[Prognosis Prediction of Lung Cancer Patients Using CT Images: Feature Extraction by Convolutional Neural Network and
Yuki Oshita1, Nonoko Takeuchi2, Atsushi Teramoto3
1Graduate School of Health Sciences, Fujita Health University.
Nihon Hoshasen Gijutsu Gakkai Zasshi
|July 10, 2022
Summary
This study developed a method using convolutional neural networks (CNNs) and machine learning to predict lung cancer patient survival from CT scans. The approach achieved around 80% accuracy in predicting outcomes one to five years post-diagnosis.
Area of Science:
- Medical Imaging Analysis
- Computational Oncology
- Artificial Intelligence in Medicine
Background:
- Lung cancer remains a leading cause of cancer mortality worldwide.
- Accurate prognosis prediction is crucial for patient management and treatment planning.
- Current methods for predicting lung cancer prognosis from CT images have limitations.
Purpose of the Study:
- To develop and evaluate a novel method for predicting lung cancer patient prognosis using CT images.
- To leverage convolutional neural networks (CNNs) for feature extraction and machine learning for classification.

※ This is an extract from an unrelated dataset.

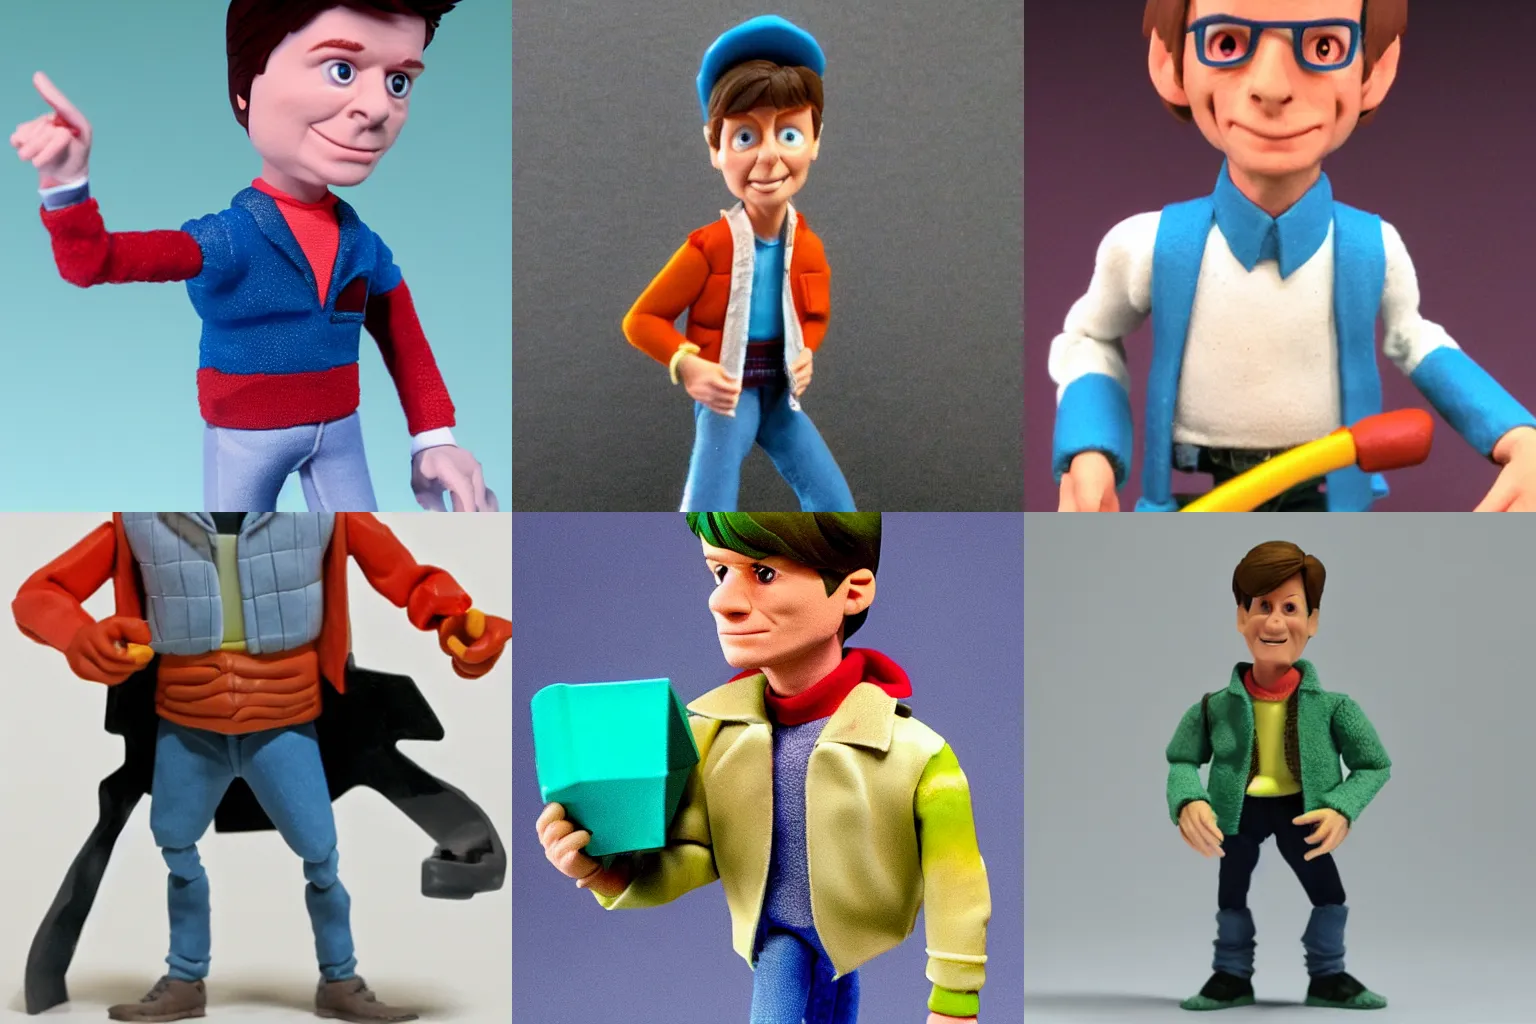 Prompt: claymation figure of Marty McFly

- To assess the accuracy of the developed method in predicting survival at one- to five-year intervals.
Main Methods:
- Collected CT images from 173 lung cancer patients.
- Utilized CNNs to extract features from the largest tumor slice in each CT scan.
- Applied information gain for feature selection.
- Employed artificial neural networks and Naïve Bayes classifiers to predict survival (alive/death) at yearly intervals (1-5 years).
- Validated the model using three-fold cross-validation.
Main Results:
- The developed method achieved prediction accuracies of approximately 80% for all time points from 1 to 5 years.
- The predicted survival curves closely matched the actual survival curves.
- The combination of CNN-based feature extraction and machine learning classification demonstrated predictive capability.
Conclusions:
- Feature extraction using CNNs combined with machine learning classification shows promise for predicting lung cancer prognosis from CT images.
- This AI-driven approach may enhance the ability to forecast patient outcomes, aiding clinical decision-making.
- Further research can explore refining these methods for improved accuracy and clinical integration.